**TASK STATEMENT:**
Skip the pictures and write out, word for word, the lines below from the one with "KAWS - Nouvelle fiction" through the one with "Уценка!Зарядна станція Ecobat", inclusive.

*** DATA FOR THIS TASK ***

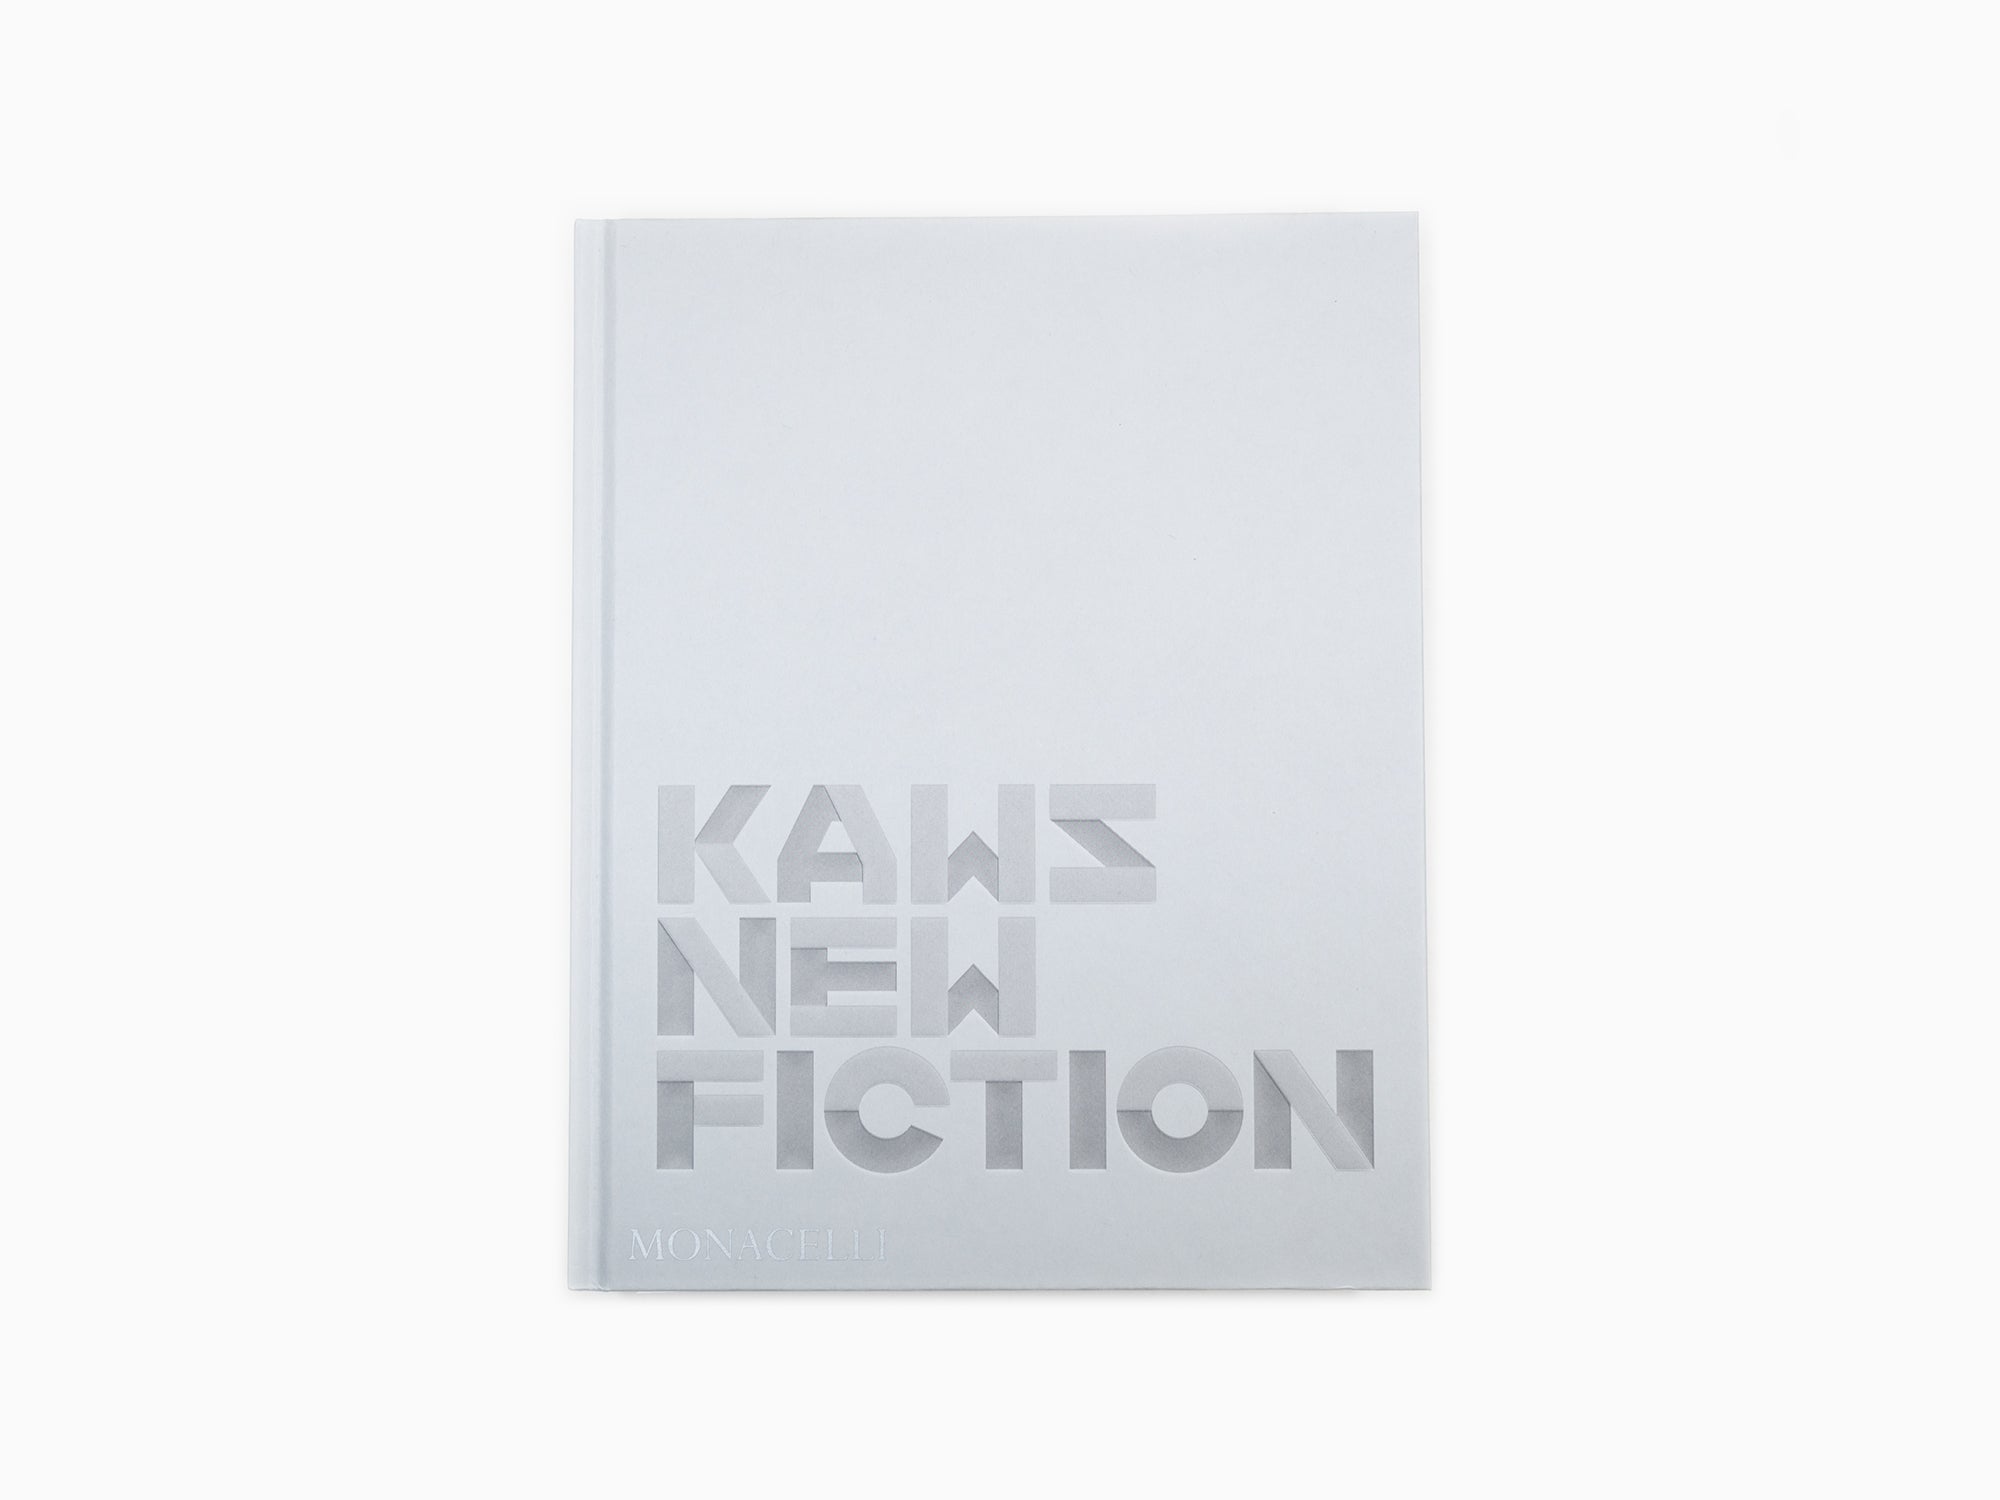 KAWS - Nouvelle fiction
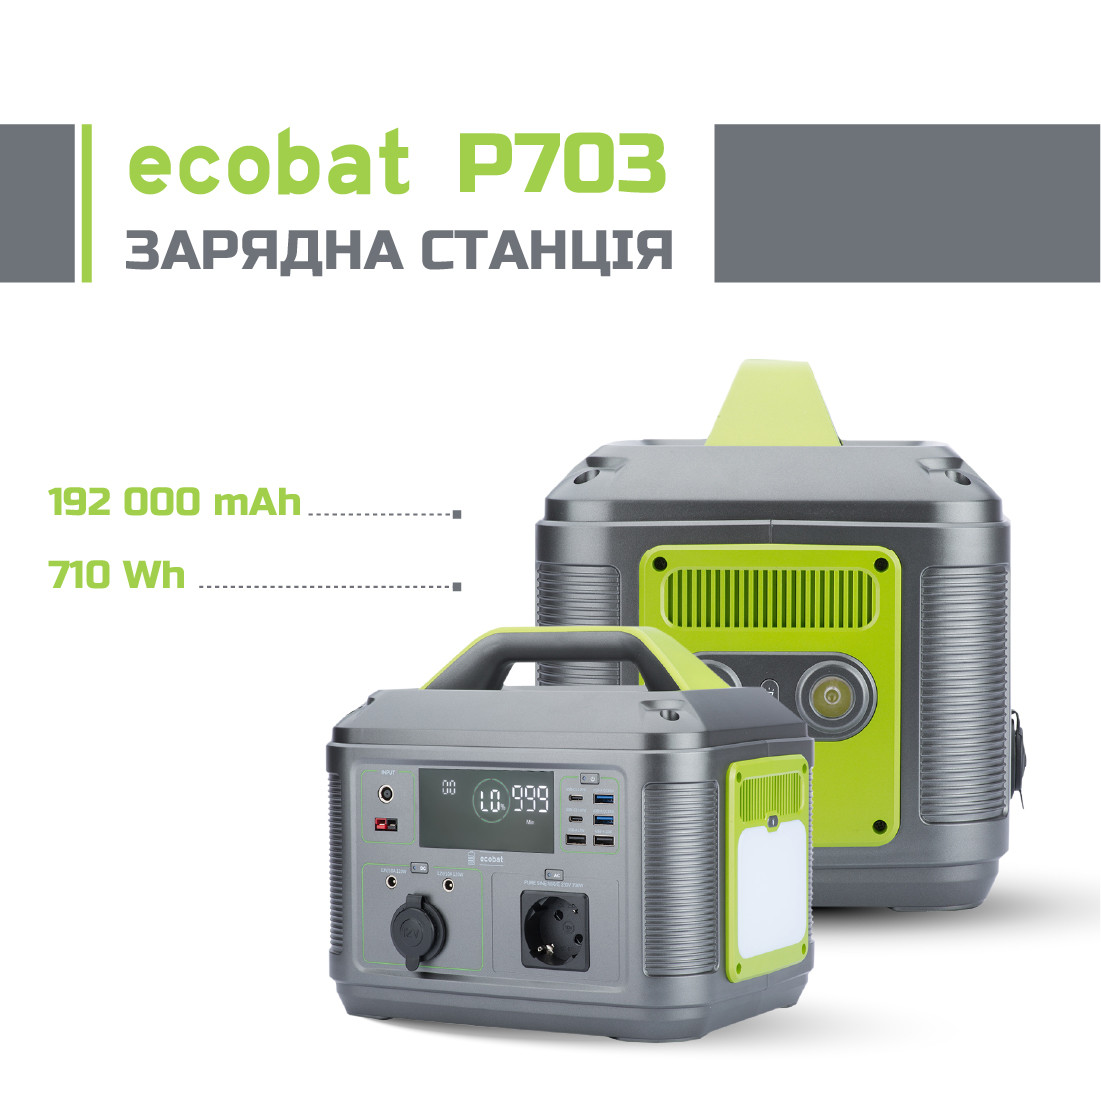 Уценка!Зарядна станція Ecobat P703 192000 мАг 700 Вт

***
*** DATA FOR THIS TASK ***

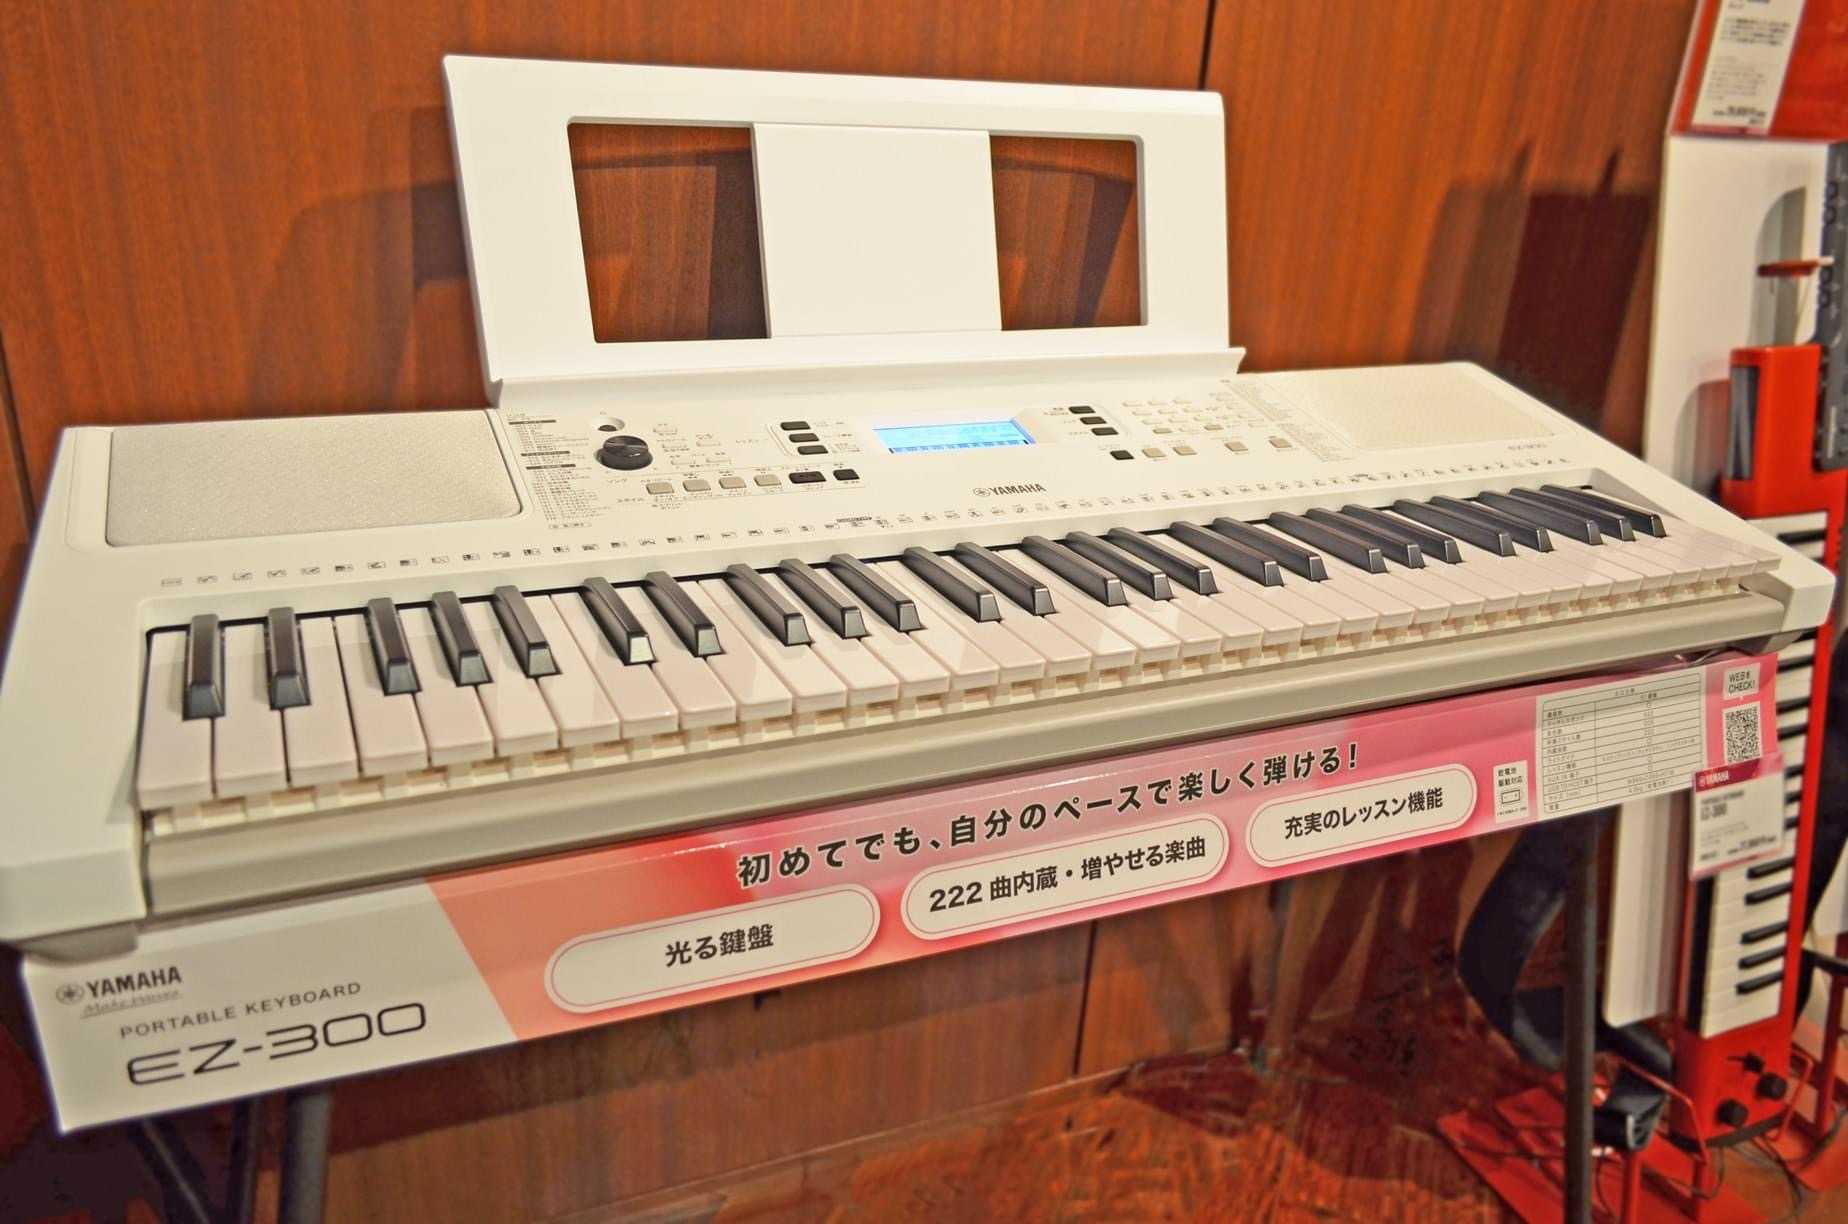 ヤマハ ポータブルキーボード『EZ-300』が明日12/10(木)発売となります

***
*** DATA FOR THIS TASK ***

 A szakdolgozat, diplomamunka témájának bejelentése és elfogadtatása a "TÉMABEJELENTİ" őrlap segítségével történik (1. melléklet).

***

**ANSWER TO THIS PROBLEM:**
 KAWS - Nouvelle fiction
 Уценка!Зарядна станція Ecobat P703 192000 мАг 700 Вт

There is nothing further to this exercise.